Dalam terjemahan modern, *Muhaimin* sering diterjemahkan sebagai "batu ujian". Ini menyatukan dua makna sebelumnya. Al-Qur'an adalah kriteria yang dengannya kebenaran universal diukur. Ia adalah timbangan yang membedakan antara ajaran Ilahi murni dan interpretasi atau tambahan manusia. Segala sesuatu yang ada dalam Taurat, Injil, atau tradisi agama lain harus lulus ujian Al-Qur'an untuk dianggap sah secara Ilahi dalam konteks syariat akhir zaman.
Kedudukan ini memberikan kekuatan tak tertandingi kepada Al-Qur'an. Ia tidak tunduk pada teks lain; sebaliknya, teks lain tunduk pada penilaiannya. Ini adalah pernyataan tegas tentang status Islam sebagai agama yang membawa risalah terakhir dan terlengkap, mencakup semua hikmah dari wahyu sebelumnya, sambil menawarkan solusi hukum yang bersifat abadi dan global. Penerimaan terhadap Al-Qur'an adalah pengakuan terhadap kesatuan pesan para nabi, yang puncaknya dicapai melalui Muhammad ﷺ.
Setelah menegaskan kedudukan Al-Qur'an sebagai *Muhaimin*, ayat ini bergeser untuk menjelaskan mengapa umat manusia—meski semua mendapatkan wahyu dari sumber yang sama—memiliki aturan dan jalan yang berbeda: "Untuk tiap-tiap umat di antara kamu, Kami berikan aturan dan jalan yang terang (syir'atan wa minhajan)."
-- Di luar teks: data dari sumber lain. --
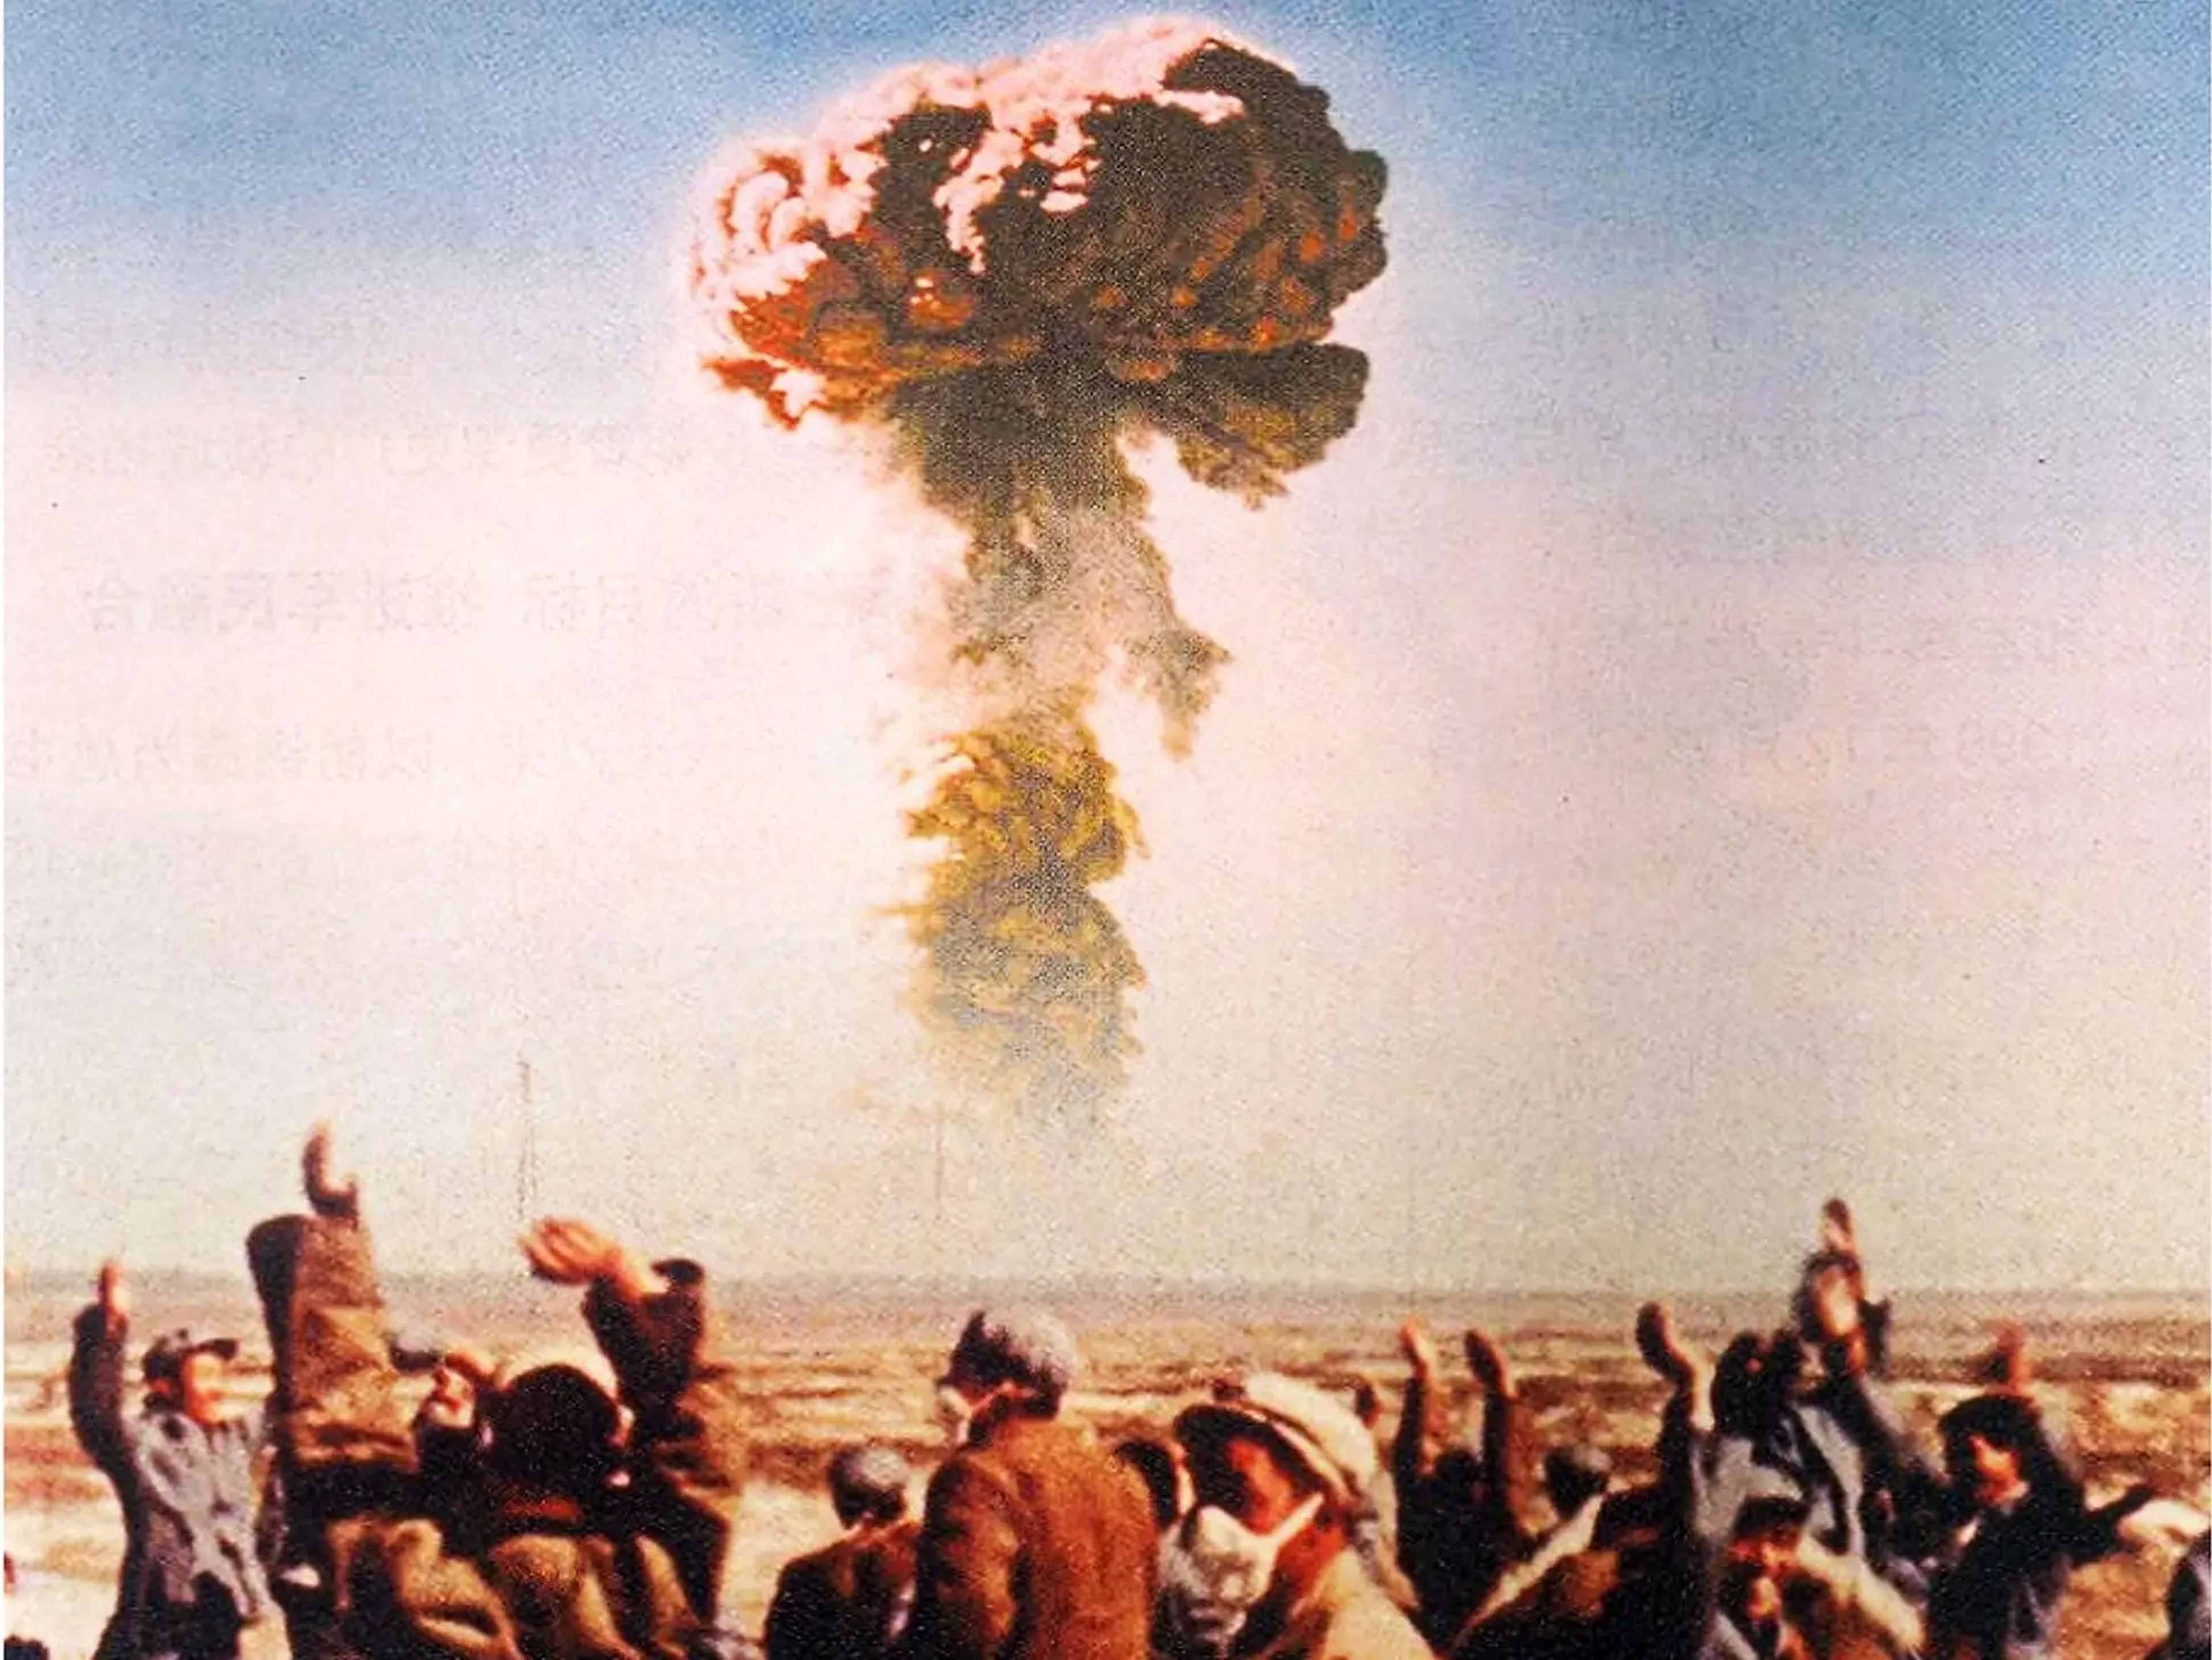 Trabajadores y técnicos en la base de pruebas nucleares de Lop Nur, en Xinjiang, celebran la primera explosión de una bomba nuclear china el 16 de octubre de 1964.

Frasa ini adalah kunci untuk memahami konsep pluralitas dalam Islam (bukan pluralisme agama, tetapi pluralitas hukum dalam sejarah kenabian):
Meskipun syariat (hukum praktik) mungkin berbeda antara umat Nabi Musa (Taurat) dan umat Nabi Isa (Injil), dan kemudian umat Nabi Muhammad (Al-Qur'an), inti ajarannya (tauhid, keadilan, dan kebajikan) selalu konsisten. Perbedaan dalam *syir'ah* dan *minhaj* diakibatkan oleh faktor-faktor historis, sosial, dan tingkat kesiapan umat pada masa tertentu.
Ayat ini mengajarkan pemisahan antara ajaran inti agama dan ketentuan hukum. Ajaran inti, yang oleh para ulama disebut sebagai *ushul ad-din* (dasar-dasar agama), seperti keimanan kepada Allah, hari akhir, dan kenabian, bersifat universal dan abadi (diwarisi dari satu nabi ke nabi berikutnya). Namun, *furu' ad-din* (cabang-cabang agama), yaitu hukum-hukum praktis, bersifat temporal dan disesuaikan dengan kapasitas umat dan kondisi zaman.
Taurat memiliki hukum yang keras karena umat saat itu (Bani Israil) memerlukan disiplin ketat. Injil datang dengan keringanan (rahmat) dan fokus pada spiritualitas. Al-Qur'an datang sebagai syariat yang seimbang, menggabungkan hukum dan spiritualitas dalam kerangka yang paling sempurna, berlaku universal hingga akhir zaman. Ini adalah hikmah Ilahi; Allah tidak pernah membebani suatu umat melebihi batas kemampuannya, dan Ia selalu memberikan syariat yang paling relevan dengan kondisi mereka.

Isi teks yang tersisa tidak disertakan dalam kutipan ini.